Я, почувствовав боль в ноге, засучил штанину и увидел треснувшую корку запекшейся крови на колене.
– Убери руку от телефона, Еремеев. Поговорим, пока свидетелей нет.
– Не положено. Я обязан позвонить…
– «Посох» – фирма надежная, но, боюсь, там совсем не представляют масштаба увиденного мной. Скажу честно, расскажи мне кто-то об этом, не поверил бы. Посчитал бы все за бред сумасшедшего. Откуда на моих коленях ссадины?
– Стигматы, – не задумываясь ответил Еремеев, наконец-то перестав тянуться к телефону. – Стигматы, – повторил он, выйдя из-за стола и направляясь к двери. – Гляну, не привлек ли огонь свечи не нужного нам сейчас свидетеля. Сиди тихо. Бог с тобой, поговорим. Но обещай, о нашем разговоре… Чтоб никто. – Он поднес к губам указательный палец. – Хорошо? – И вышел.
Меня насторожило желание Еремеева сразу доложить в «Посох» о моем пробуждении. Хорошо, что прежде он зажег свечу, – я успел выхватить трубку из его рук. А если он произнес слово «стигматы», значит, «Посох» не собирается верить мне. Но почему?
Через минуту Еремеев вернулся в комнату. Вытирая потный лоб, сел напротив меня. Уравновесил дыхание, отодвинул телефонный аппарат к краю стола.
– Надо, надо, Поляков… Баба Аня в реанимации. Два дня пластом лежала. Милка твоя и позвонила в «Скорую»… Помнишь, ты просил меня успокоить ее родителей? И адрес дал?
– И что? Не вижу причин для волнения.
– А то… Послал чижика. Вышла, говорит, женщина, выслушала: чижик ей – мол, не волнуйтесь, дочь на даче у подруги… Заплакала женщина. Сказала, что Людмила Вострецова… два года как на кладбище, в могиле. Самоубийство… И дескать, никакой Милки здесь нет. Чижик сперва подумал, что над ним подшутили, но, пораскинув мозгами – «Посох» хорошие бабки платит за выполнение твоих распоряжений, – пошел в домком или еще куда-то, добыл фотографию. Сам смотри. – Еремеев достал бумажник и протянул мне снимок.
Да, с фотографии на меня смотрела Милка. Правда, здесь она коротко острижена и совсем молоденькая.
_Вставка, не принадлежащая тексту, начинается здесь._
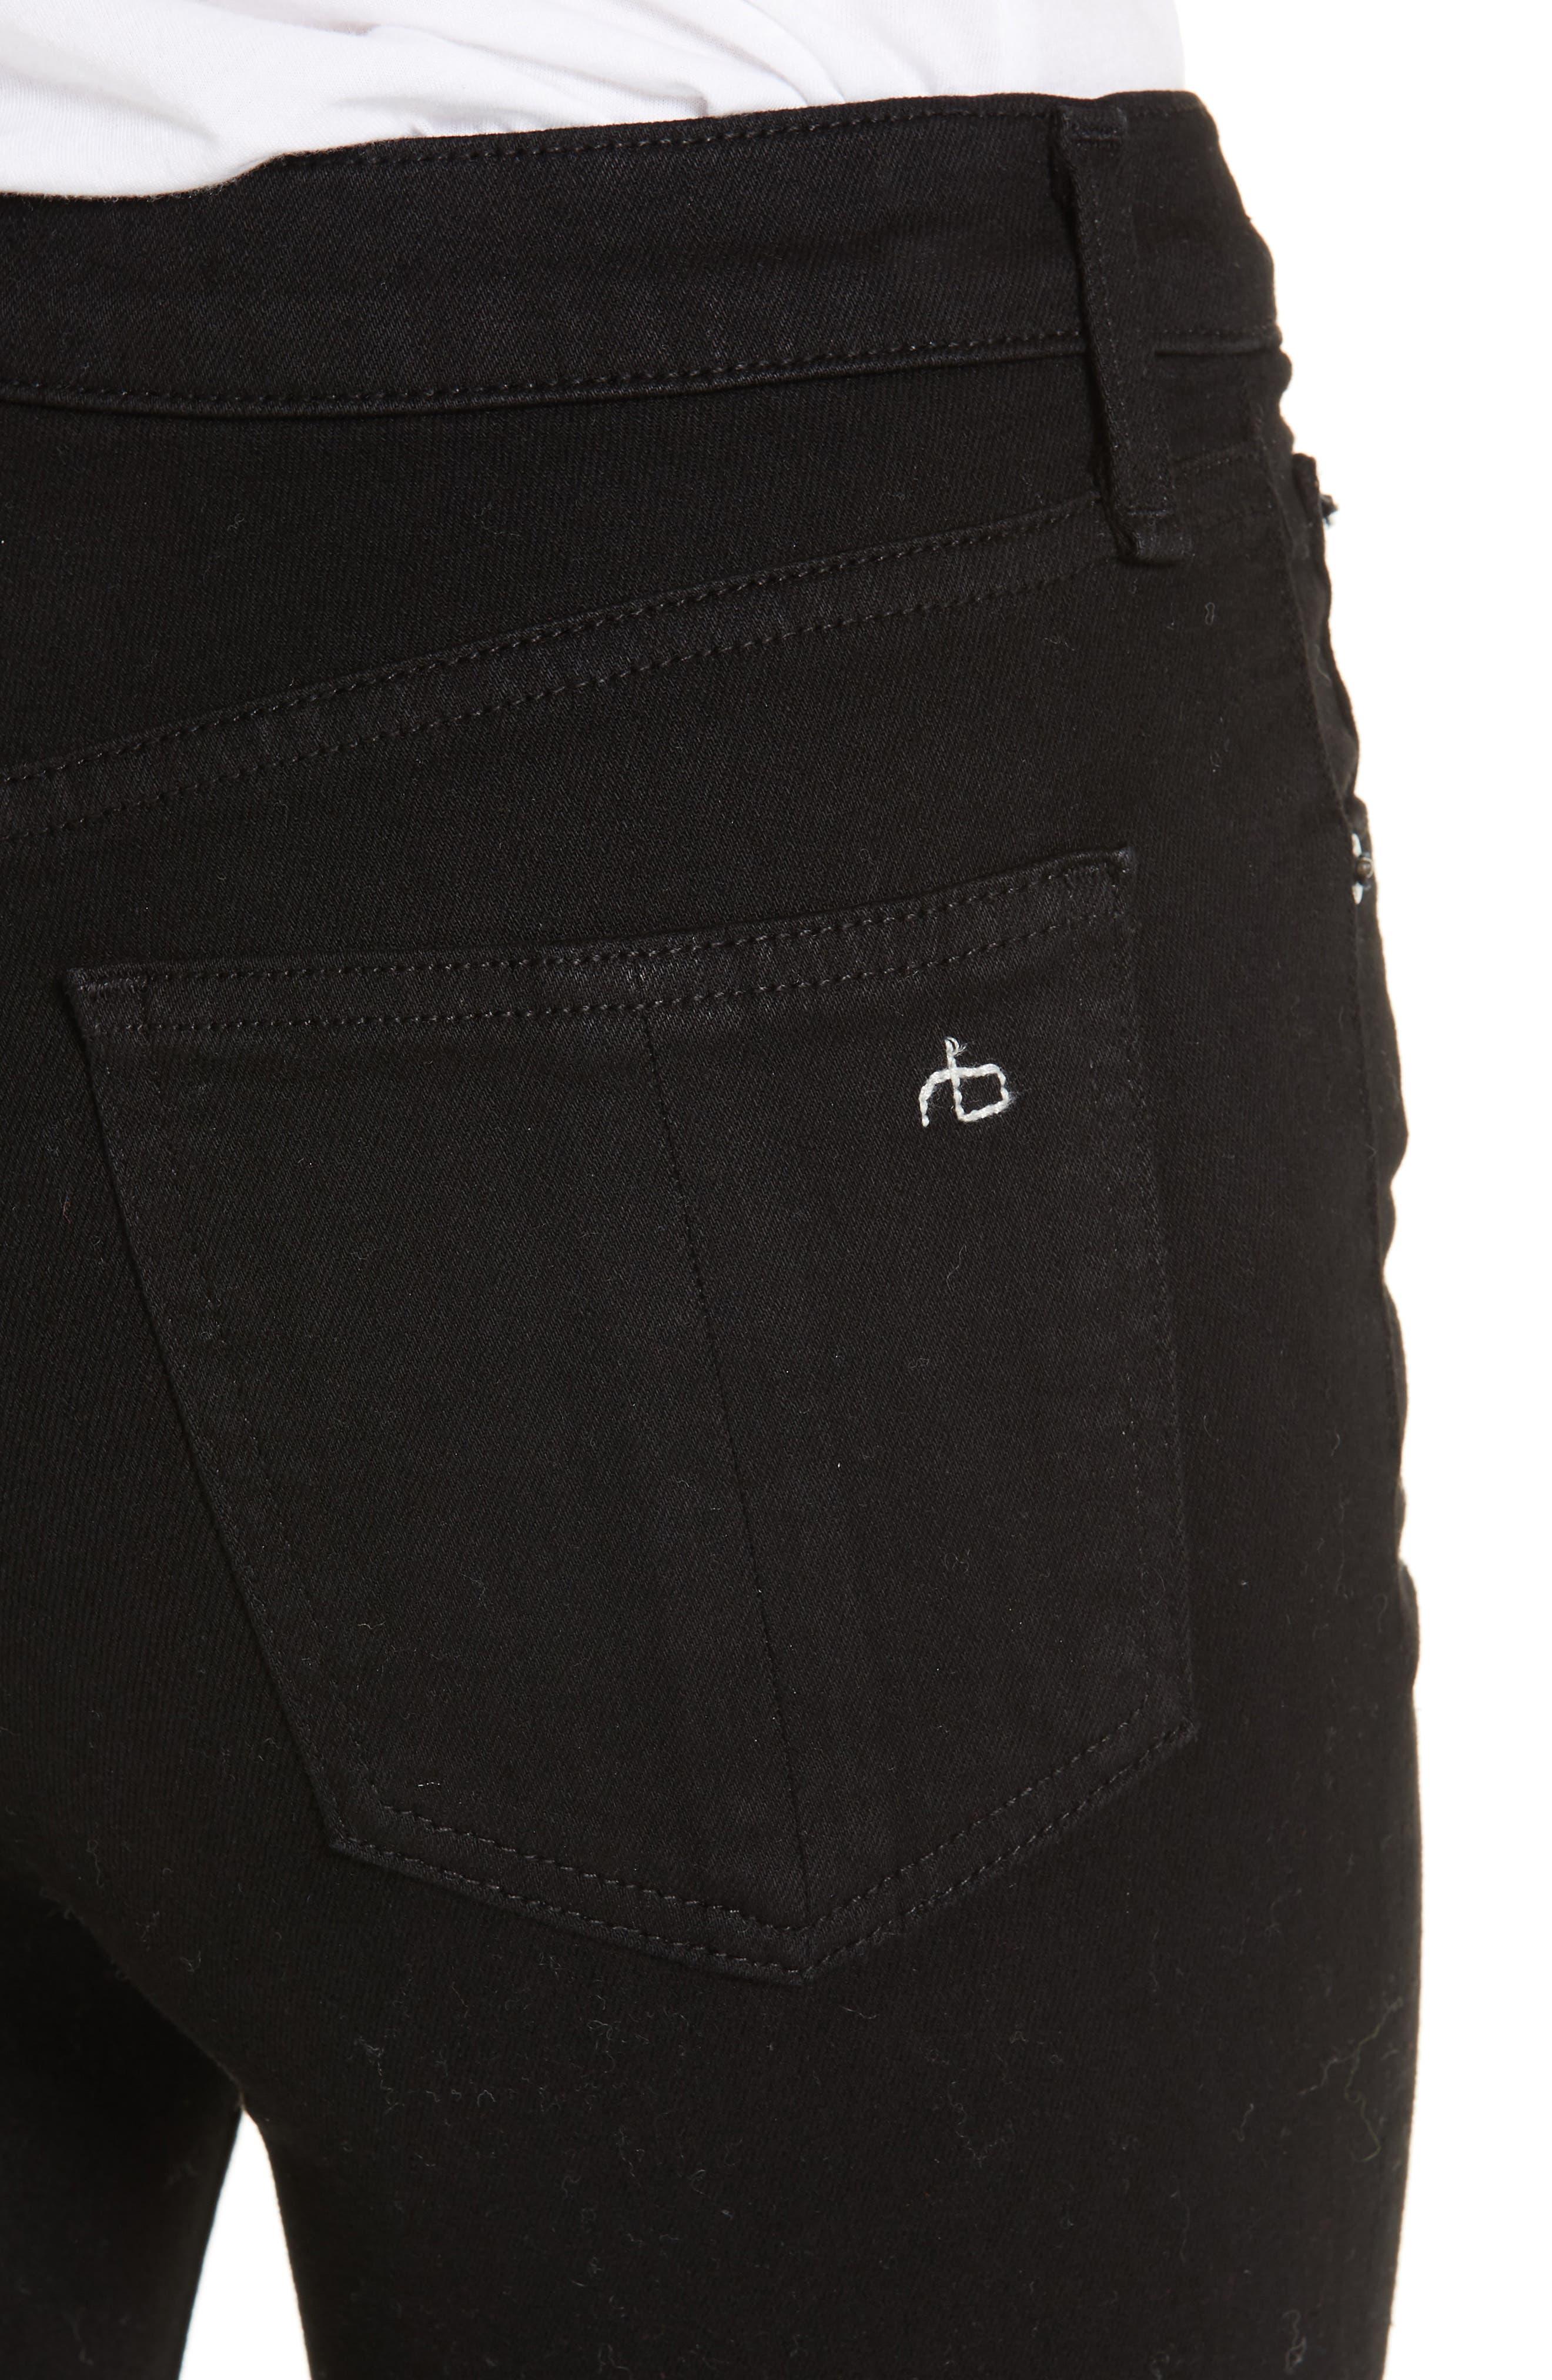 RAG & BONE,                             Hana High Waist Ankle Flare Jeans,                             Alternate thumbnail 4, color,                             001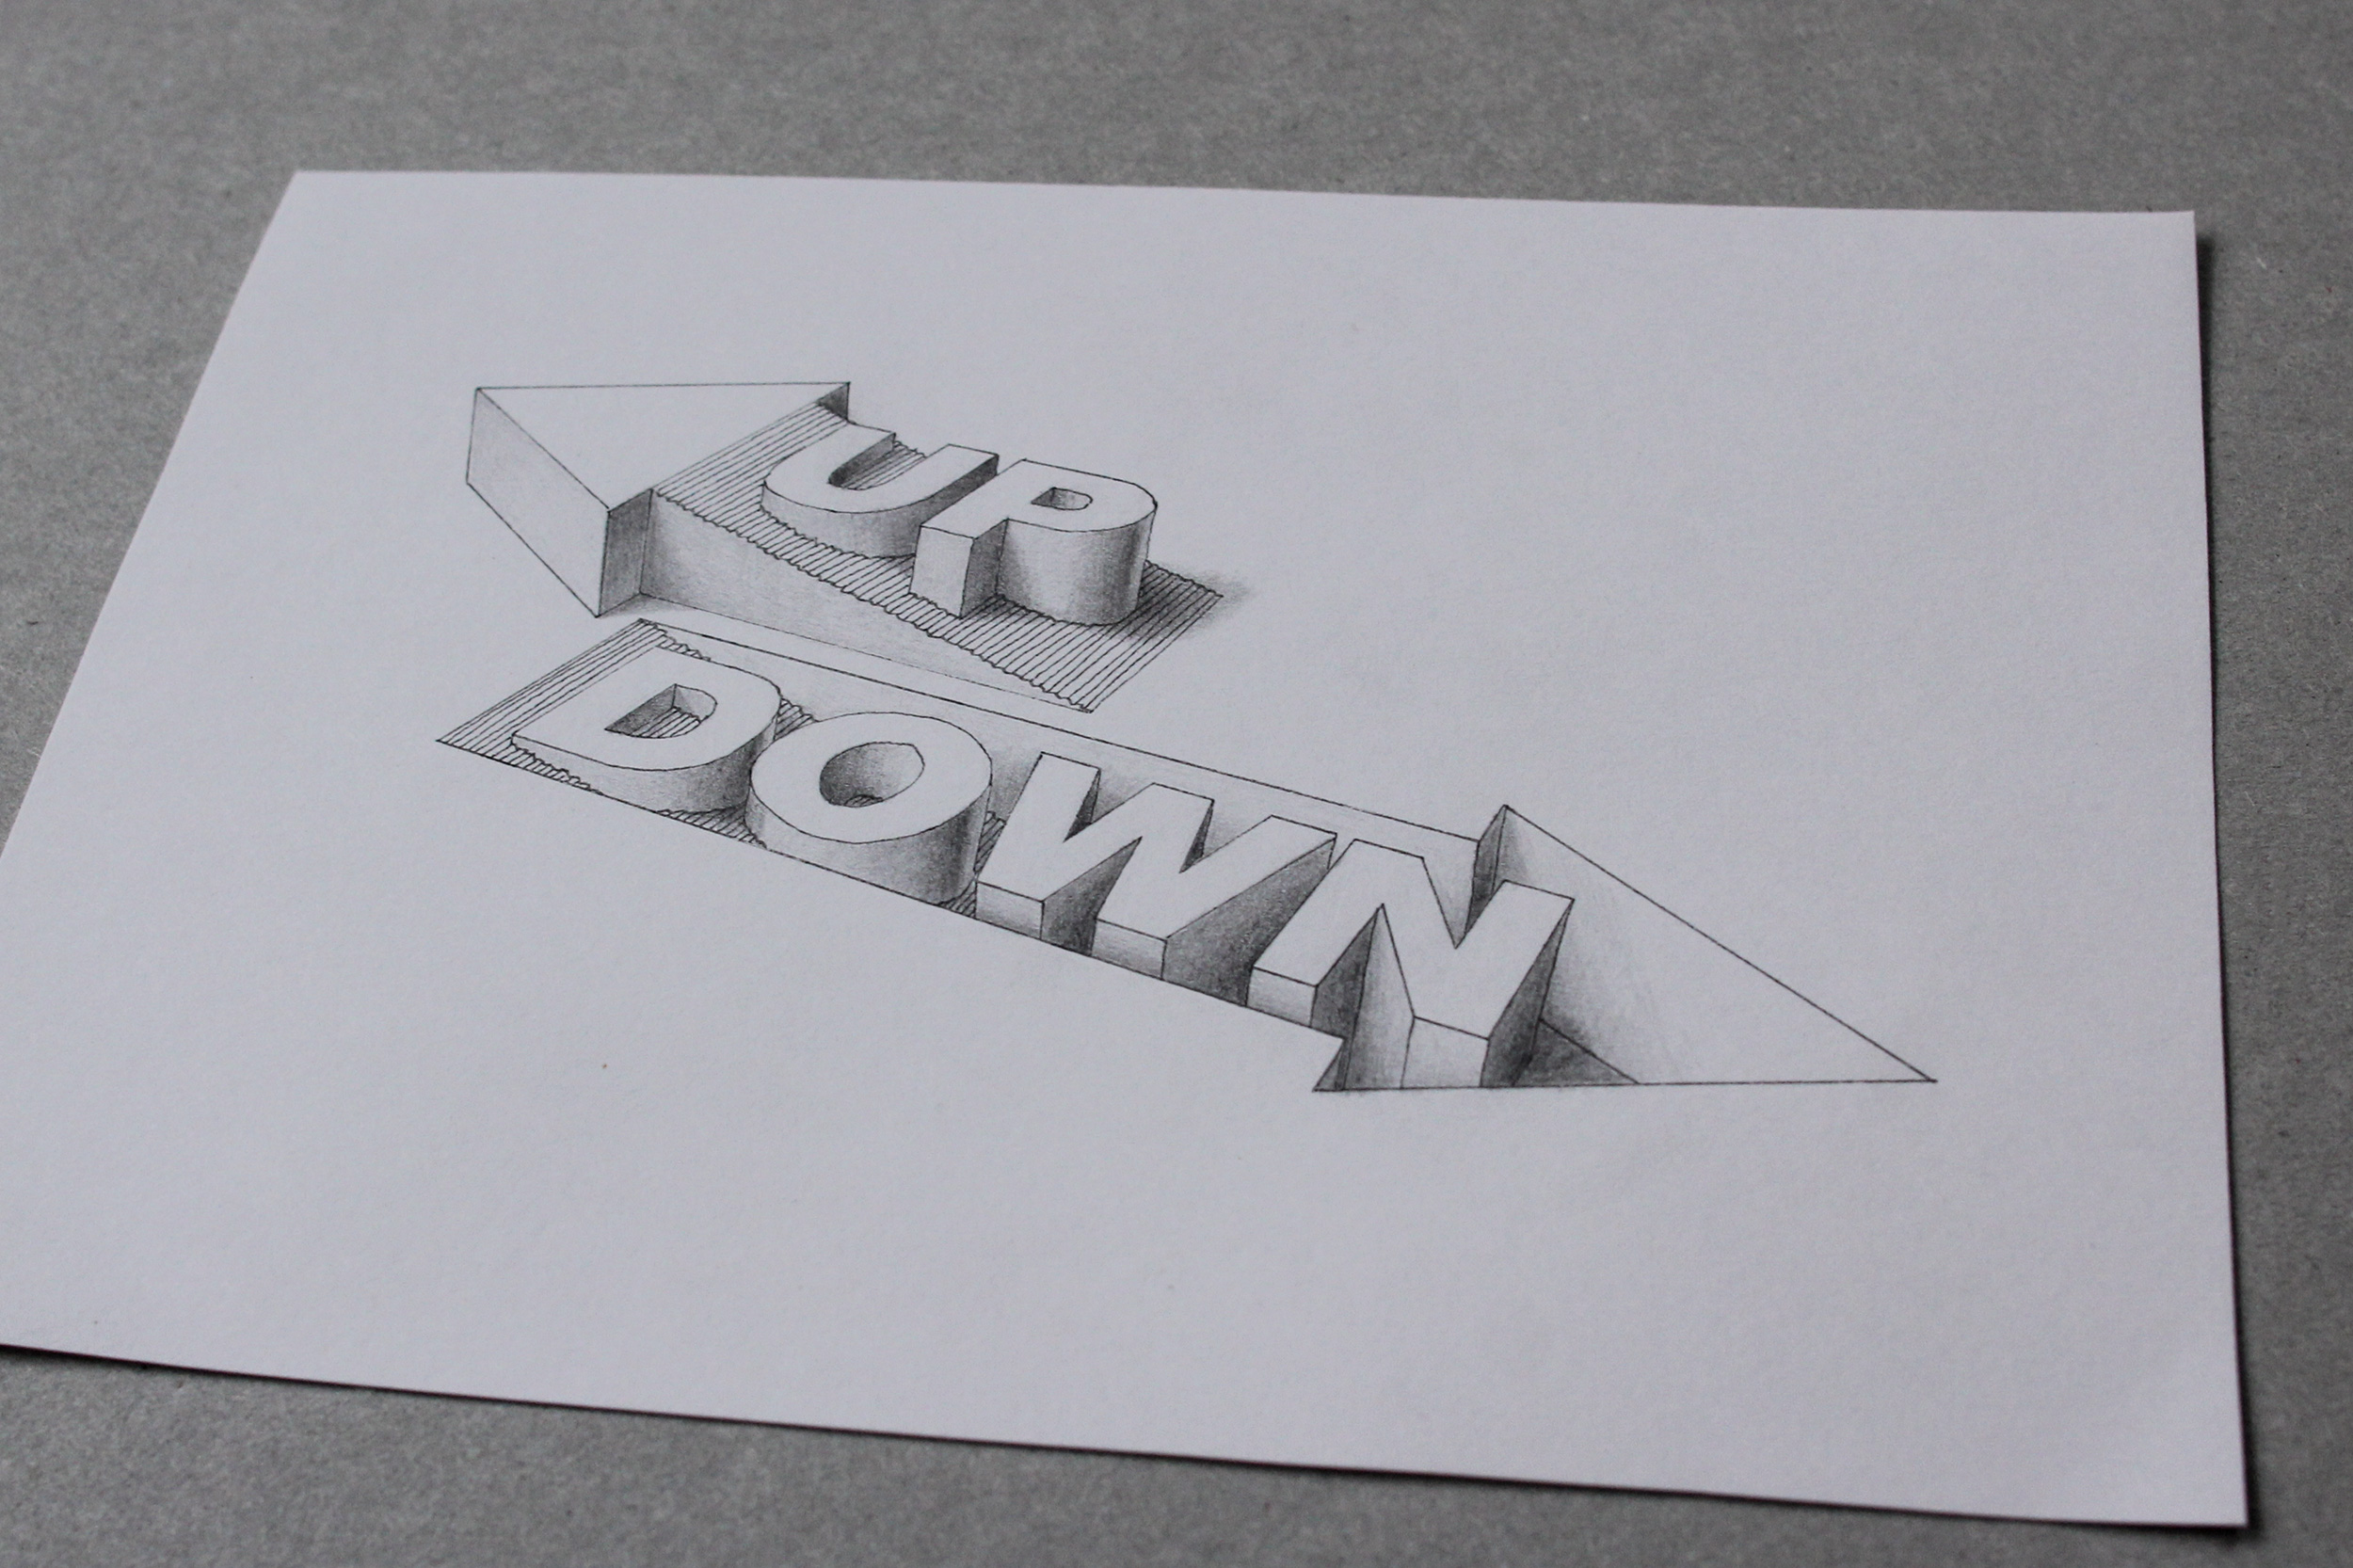 3 Easy Ways to Draw - wikiHow

– Чижик и в милиции побывал, убедился. Вострецова два года назад повесилась… Наркоманила. «Посох» запросил и официальный документ о времени и причинах смерти наркоманки. Там еще за ней какое-то преступление числилось… Я сам, узнав, растерялся.
– А где Милка сейчас? Куда делась? – Я слушал Еремеева и не верил. Очень уж на сказку походил его рассказ.
– Скрылась. А в милиции уже занимаются Дятлом и Стоценко… Может быть, это она туда позвонила и чего-то наговорила. Милка – в бегах. Опять же, кто она на самом деле? Ведь не покойница же!
Еремеев не знал о мерчанке, похожей на Милку. Неужели здесь есть какая-то связь? «Чушь», – подумал я, но в глубине души засомневался. Всякое может быть.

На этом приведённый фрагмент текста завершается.